Monday, August 27, 2012

Sententiae Patristicae: Twenty-Second Week in Ordinary Time, Year B

The Fathers of the Church on the Readings of the Lectionary

First Reading  Deuteronomy 4:1–2, 6–8
Second Reading James 1:17–18, 21b–22, 27
Gospel Mark 7:1–8, 14–15, 21–23

St. John Chrysostom--the Pharisees erred in substituting the tradition of the elders for the Law of Moses:
‎But mark, I pray thee, how even by the question itself they are convicted; in not saying, “Why do they transgress the law of Moses,” but, “the tradition of the elders.” Whence it is evident that the priests were inventing many novelties, although Moses, with much terror and with much threatening, had enjoined neither to add nor take away. “For ye shall not add,” saith he, “unto the word which I command you this day, and ye shall not take away from it.” (De 4:2)
‎But not the less were they innovating; as in this instance, that one ought not to eat with unwashen hands, that we must wash cups and brazen vessels, that we must wash also ourselves. Thus, when men were henceforth, as time advanced, to be freed from their observances, at that very time they bound them with the same in more and more instances, fearing lest any one should take away their power, and wishing to strike more dread, as though they were themselves also lawgivers.
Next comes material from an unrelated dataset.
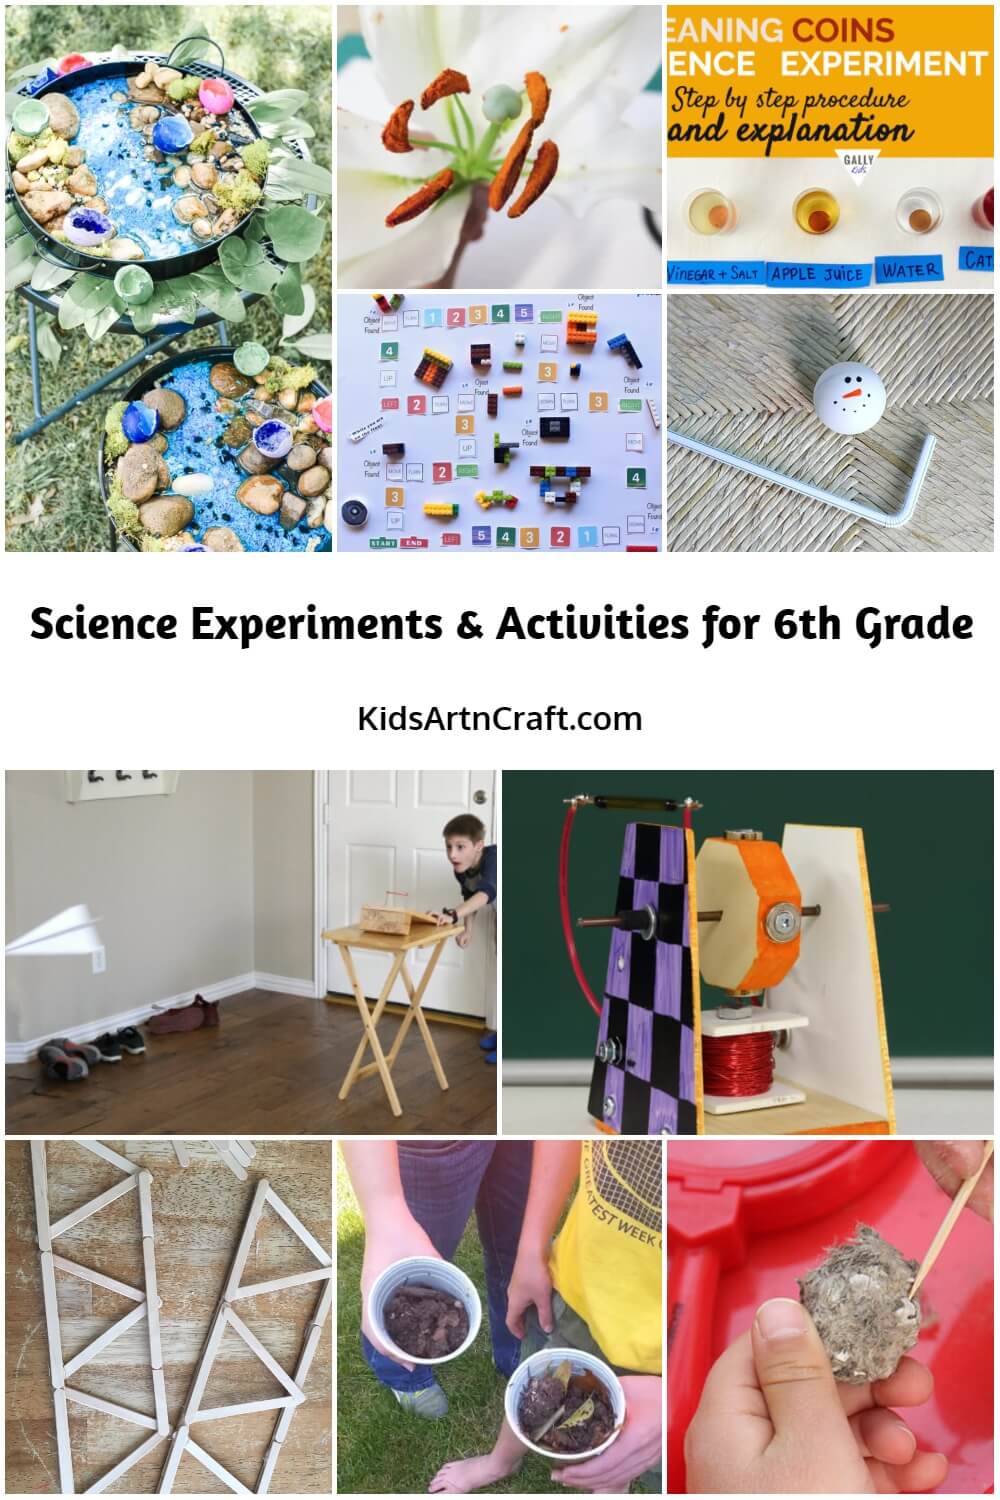 Science Experiments & Activities for 6th Grade

The thing in fact proceeded so far in enormity, that while their own commandments were kept, those of God were transgressed; and they so far prevailed, that the matter had actually become a ground of accusation. Which was a twofold charge against them, in that they both invented novelties, and were so strict exactors on their own account, while of God they made no reckoning. (Chrysostom, Hom. Mt. 51.1, NPNF1, vol. 10, pg. 314-315)

St. Athanasius--God draws nigh to his adopted children, but is in the Son:
‎For a son which is by nature, is one with him who begat him; but he who is from without, and is made a son, will be attached to the family. Therefore he immediately adds, ‘What nation is there so great who hath God drawing nigh unto them?’ (De 4:7) and elsewhere, ‘I a God drawing nigh;’ (Je 23:23) for to things originate He draws nigh, as being strange to Him, but to the Son, as being His own, He does not draw nigh, but He is in Him. (Athanasius, Oratio contra Ar. 4.5, NPNF2, vol. 4, pg. 435)

St. Augustine--let all praise be directed to God, from whom comes every perfect gift:
‎Again I say, “Let no man glory in men;” nay, oftentimes I repeat it, “Let no man glory in men.” If you perceive anything in us which is deserving of praise, refer it all to His praise, from whom is every good gift and every perfect gift; for it is “from above, and cometh down from the Father of lights, with whom is no variableness, neither shadow of turning.” (Jas 1:17) (Augustine, Contra Pellian. 3.2.3, NPNF1, vol. 4, pg. 597)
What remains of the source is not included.